- _Given material_
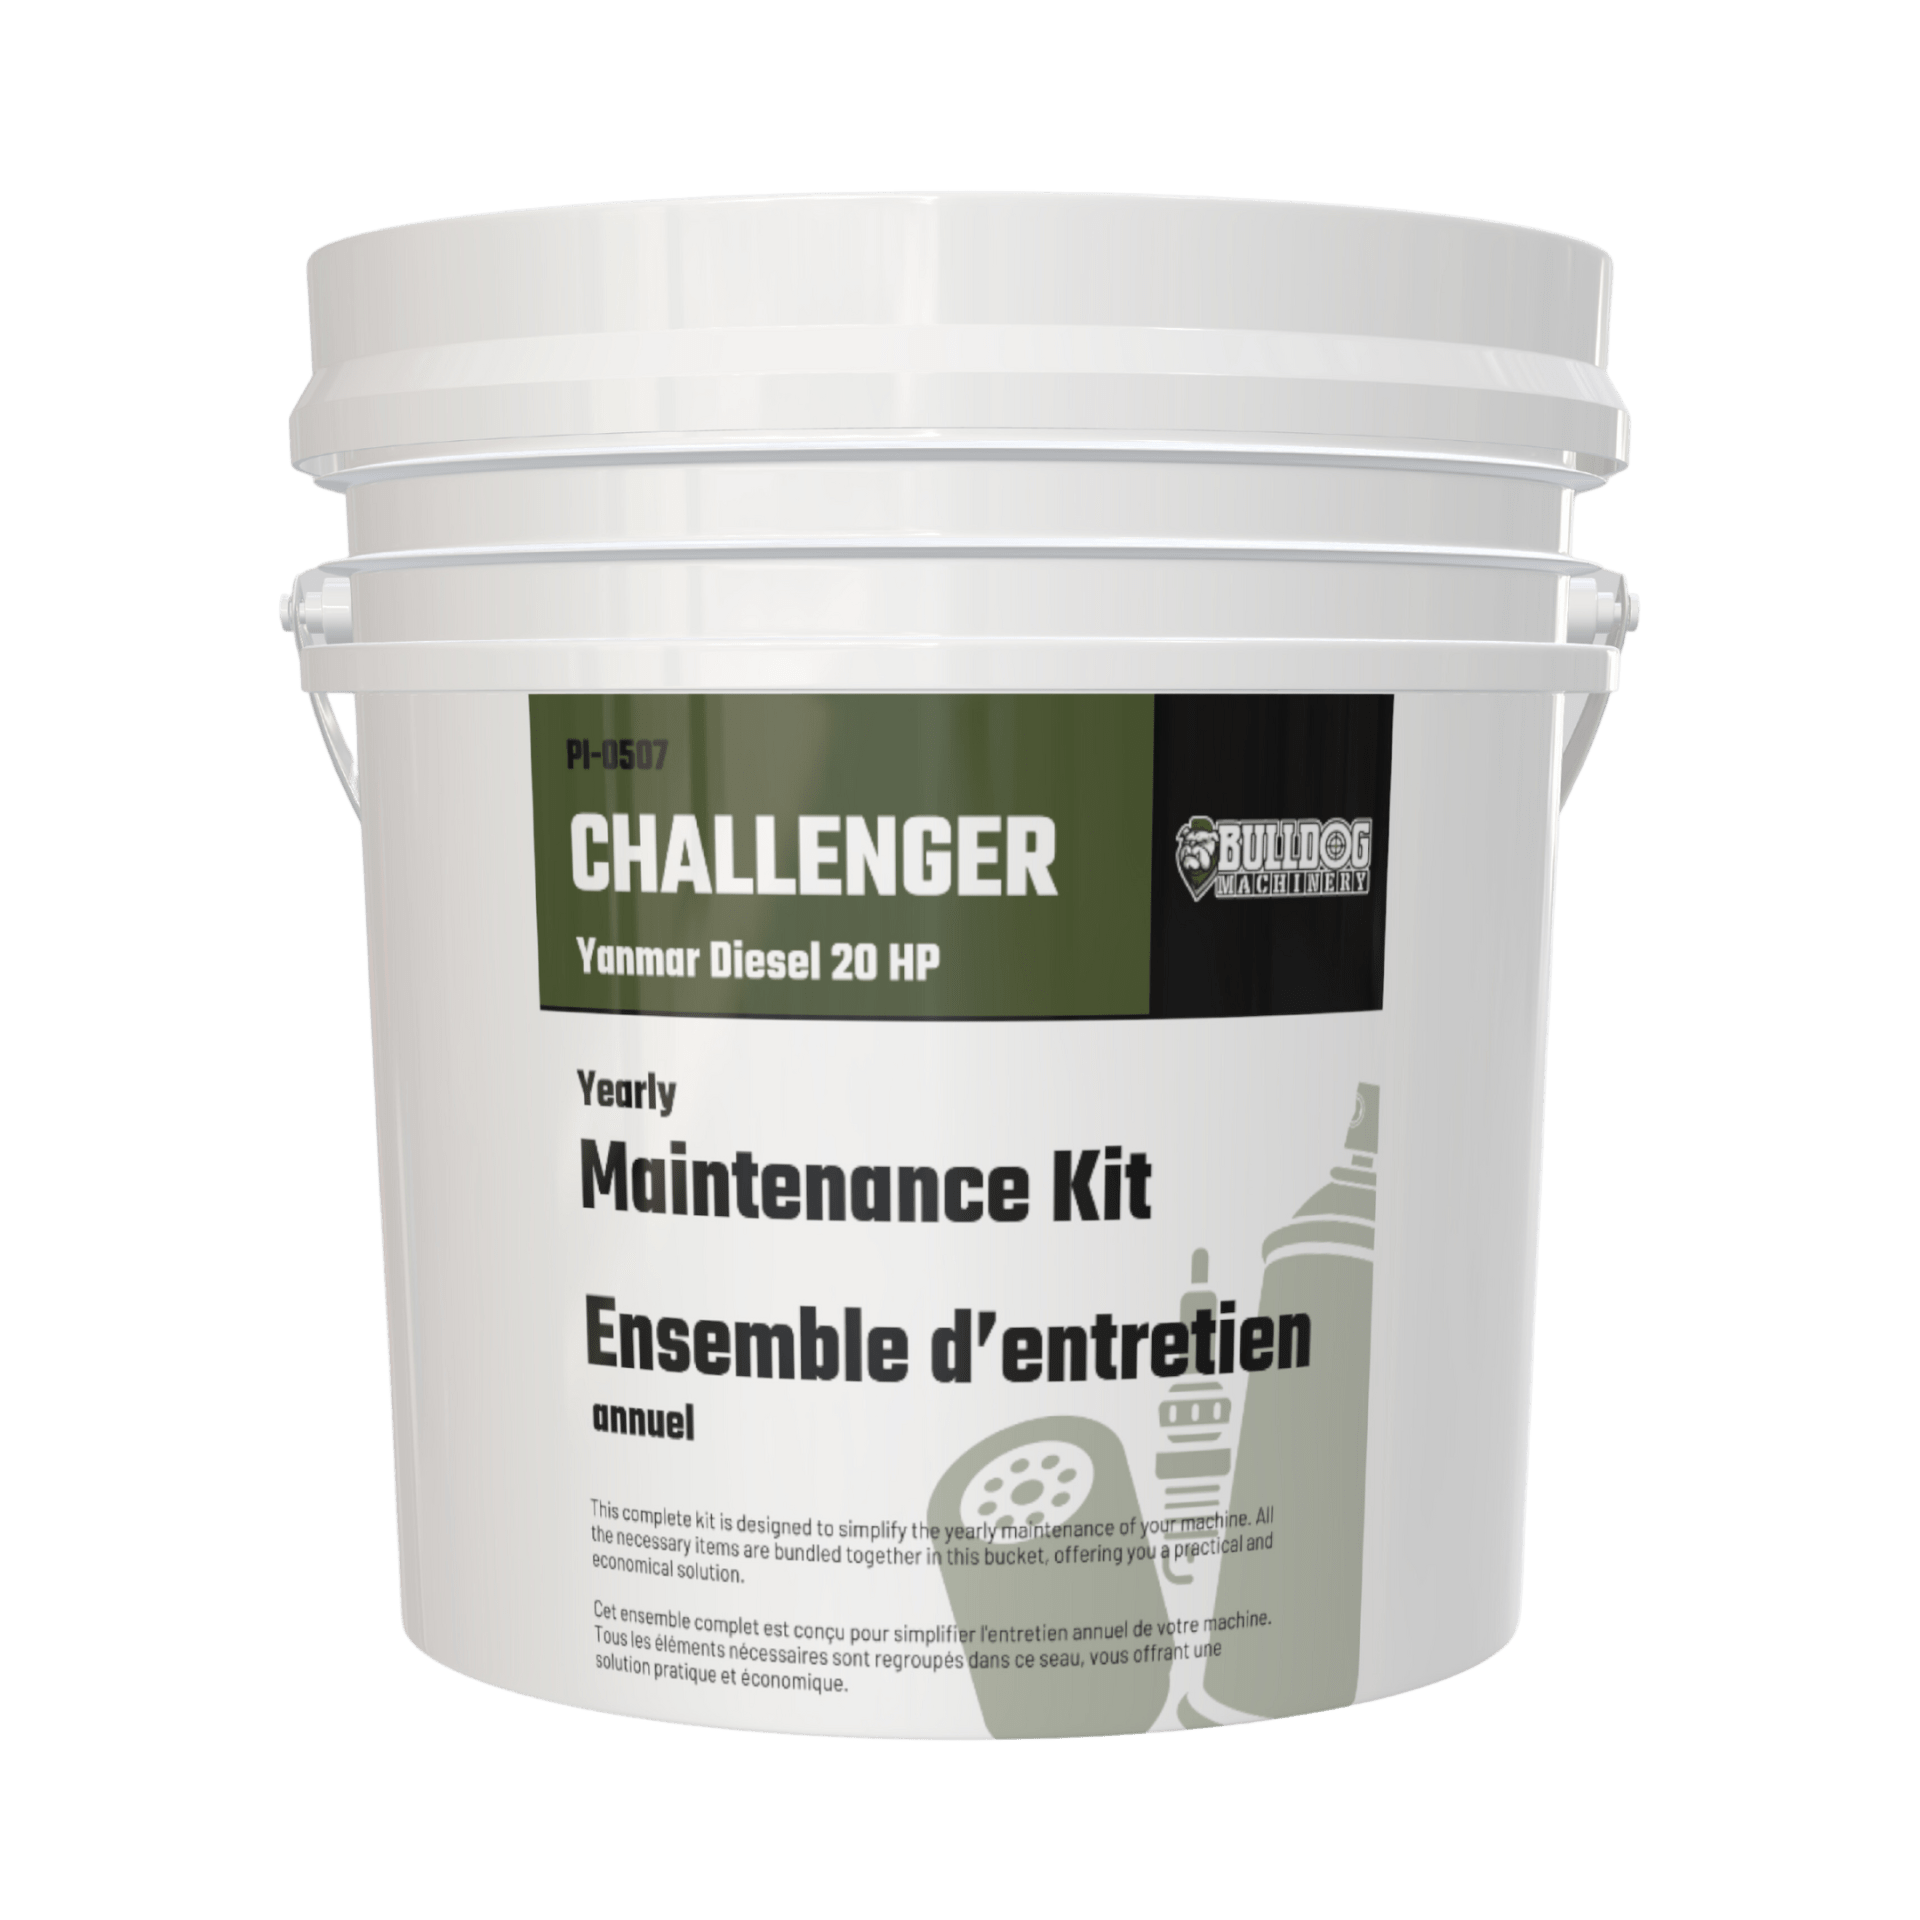 Maintenance Kit for Bulldog Challenger
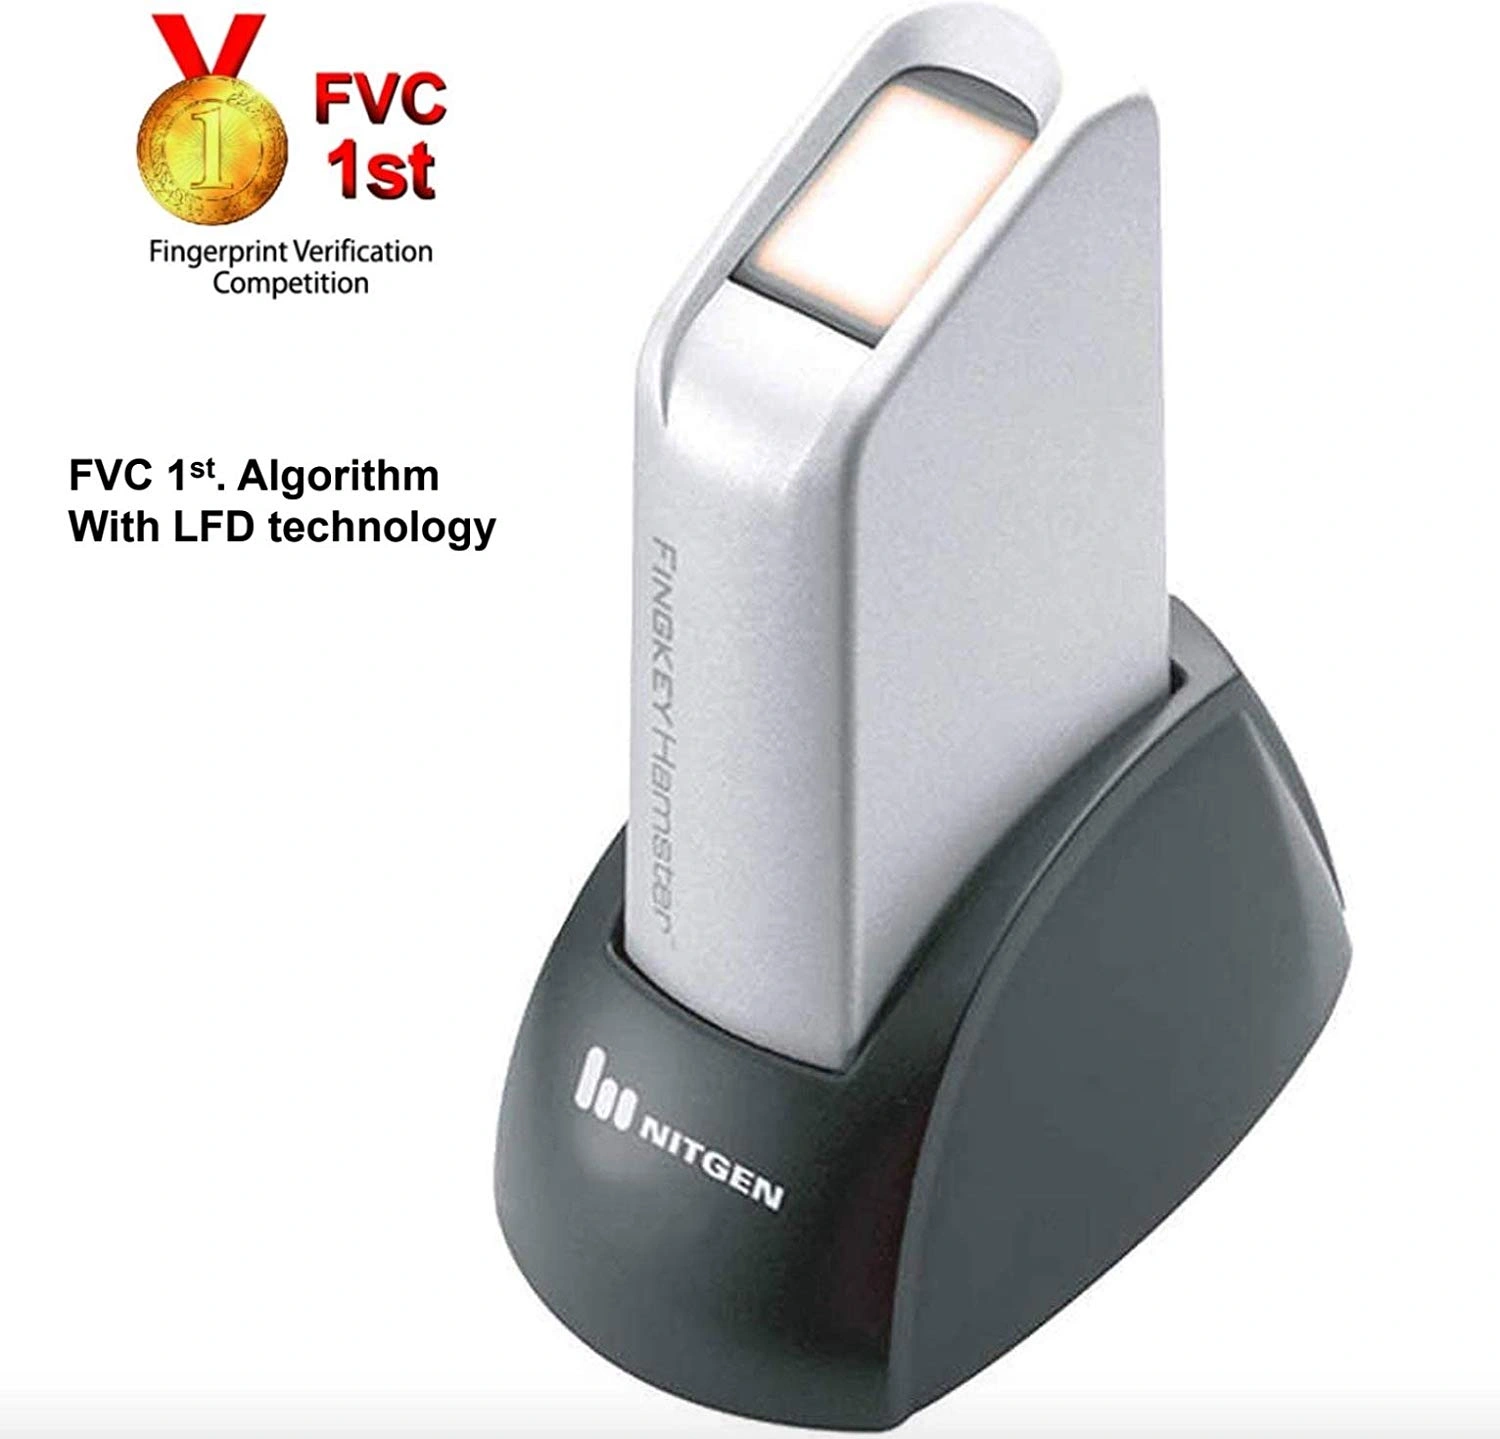 Hamster Dx HFDU06 Nitgen USD Fingerprint scanner-2
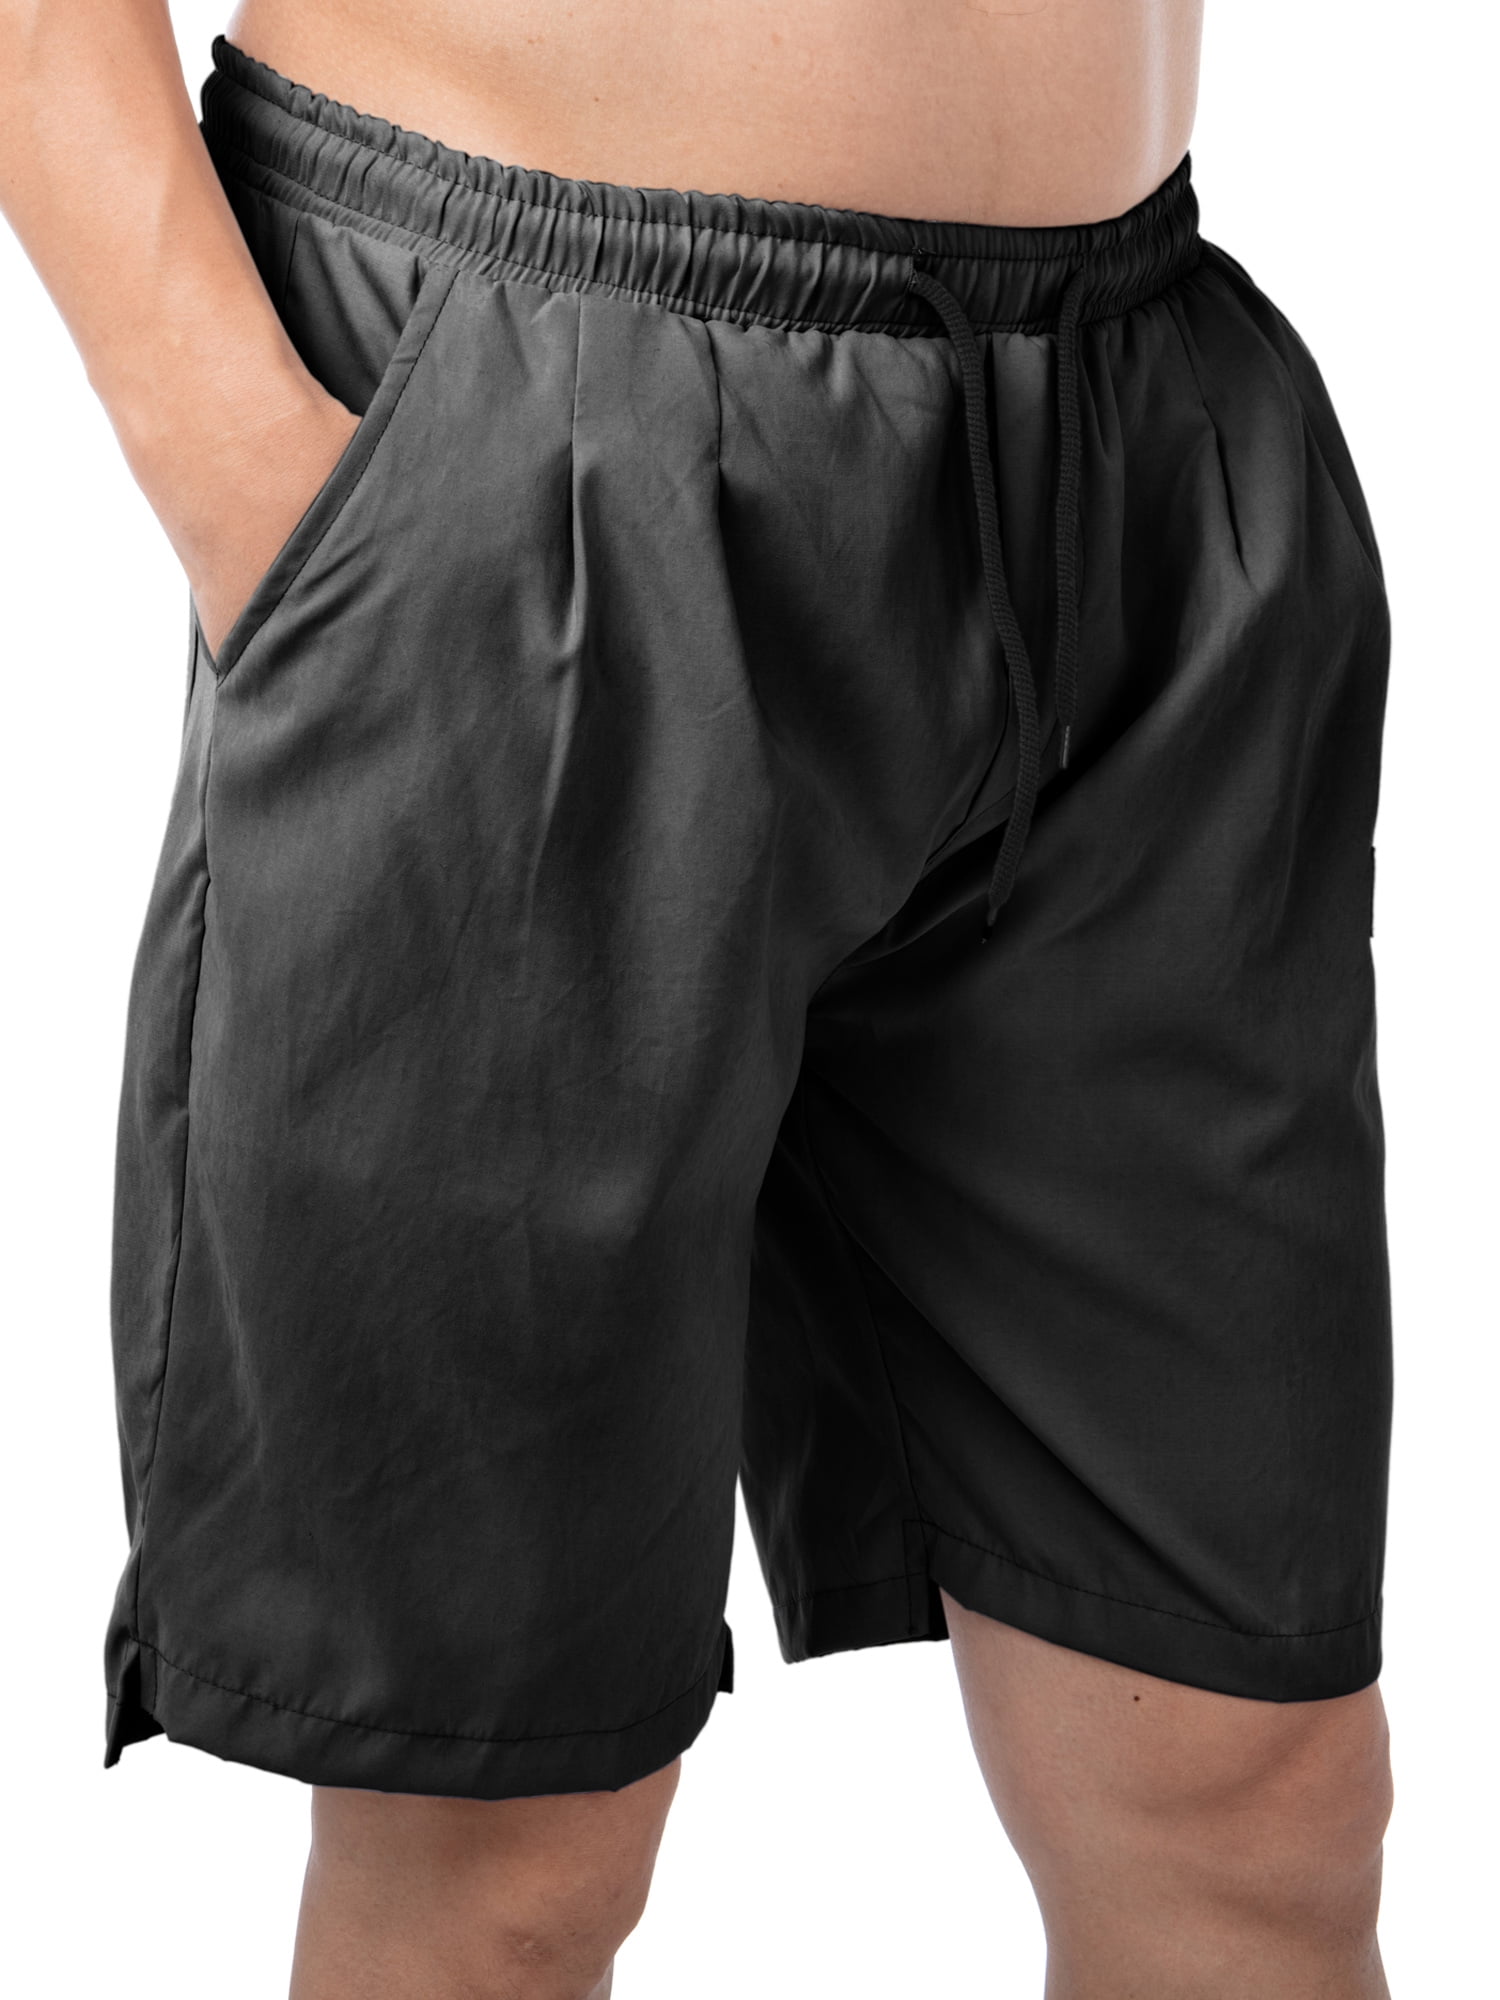 LELINTA Mens Casual Slim Cargo Shorts Big and Tall Shorts with Pockets ...

- _Exercise requirements_
When you output the listing, reproduce it exactly but drop its pictures.

- _Answer area_
 Maintenance Kit for Bulldog Challenger
 Hamster Dx HFDU06 Nitgen USD Fingerprint scanner-2
 LELINTA Mens Casual Slim Cargo Shorts Big and Tall Shorts with Pockets ...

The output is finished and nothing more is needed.